Investment in solar power is expected to overtake oil for the first time this year as clean energy spending outpaces that for fossil fuels.

While that is a welcome development, the International Energy Agency (IEA) warned on Thursday investment in fossil fuels is rising when it should be falling fast to achieve net zero emissions by 2050.

“Clean energy is moving fast – faster than many people realise,” IEA Executive Director Fatih Birol said in a statement accompanying the release of the agency’s latest report on energy investment.

“For every dollar invested in fossil fuels, about 1.7 dollars are now going into clean energy. Five years ago, this ratio was one-to-one. This is clear in the investment trends where clean technologies are pulling away from fossil fuels.”

Annual investment in clean energy is expected to rise by 24 percent from 2021 to more than $1.7 trillion in 2023, according to the IEA. The gain for fossil fuels was 15 percent over the same period.

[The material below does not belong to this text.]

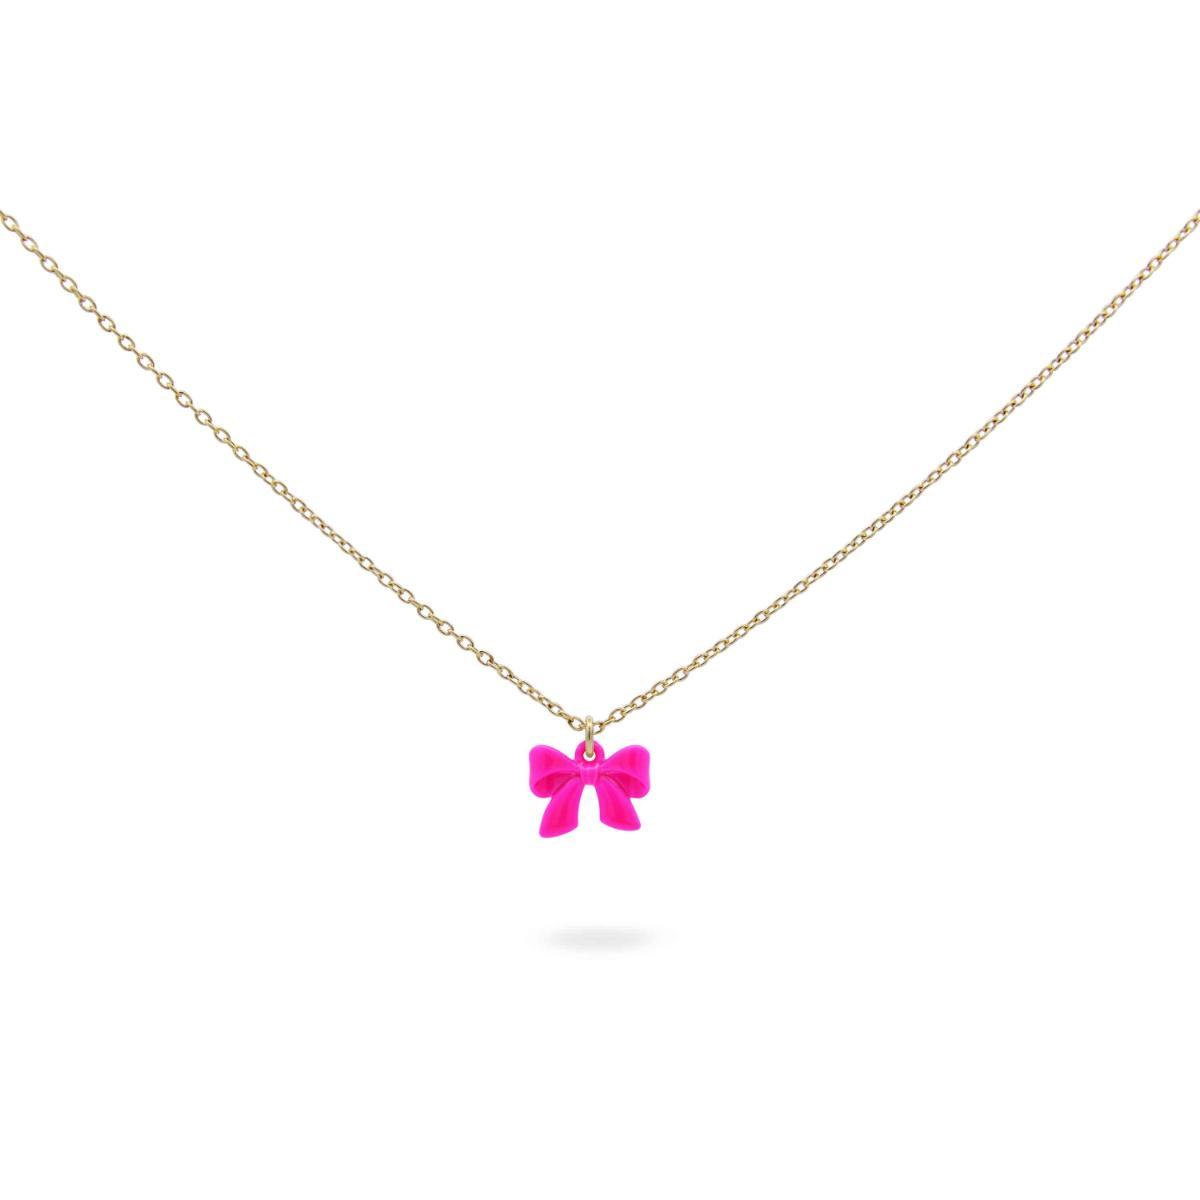 Chokers - Necklace chic bow neon pink - CANDY BOW - 1 | Rue des Mille

A combination of factors – in particular high oil and gas prices and a worry about supplies – has seen spending on renewables surge ahead.

“One shining example is investment in solar, which is set to overtake the amount of investment going into oil production for the first time,” Birol noted.

‘Energy superpower’

The IEA expects investment in solar power, essentially photovoltaic panels, to hit $380bn this year, while investment in oil exploration and extraction should come in at $370bn.

“This crowns solar as a true energy superpower,” said Dave Jones, head of data insights at the energy think tank Ember.

The low price of solar power generation will help propel decarbonisation efforts as electric car adoption gathers pace. But the rebound in oil and gas investment, which is expected to return to 2019 levels this year, puts the industry further away from the IEA’s 2050 net zero trajectory.

The IEA says overall 2023 fossil fuel investment is expected to be more than double the amount the sector should be spending in 2030. For coal, it could hit six times the amount.

The IEA also noted clean energy investment was concentrated in advanced nations and China, while the biggest increases in fossil fuel investment are in Middle Eastern nations.

“The irony remains that some of the sunniest places in the world have the lowest levels of solar investment, and this is a problem that needs attention,” said Jones.

The IEA also found major energy companies, for the most part, are not putting considerable funds into the transition to green energy.

Just 5 percent of their cash flow last year went to low-carbon and renewable energies or carbon capture projects, only about one-quarter of the amount that was paid out overall to shareholders.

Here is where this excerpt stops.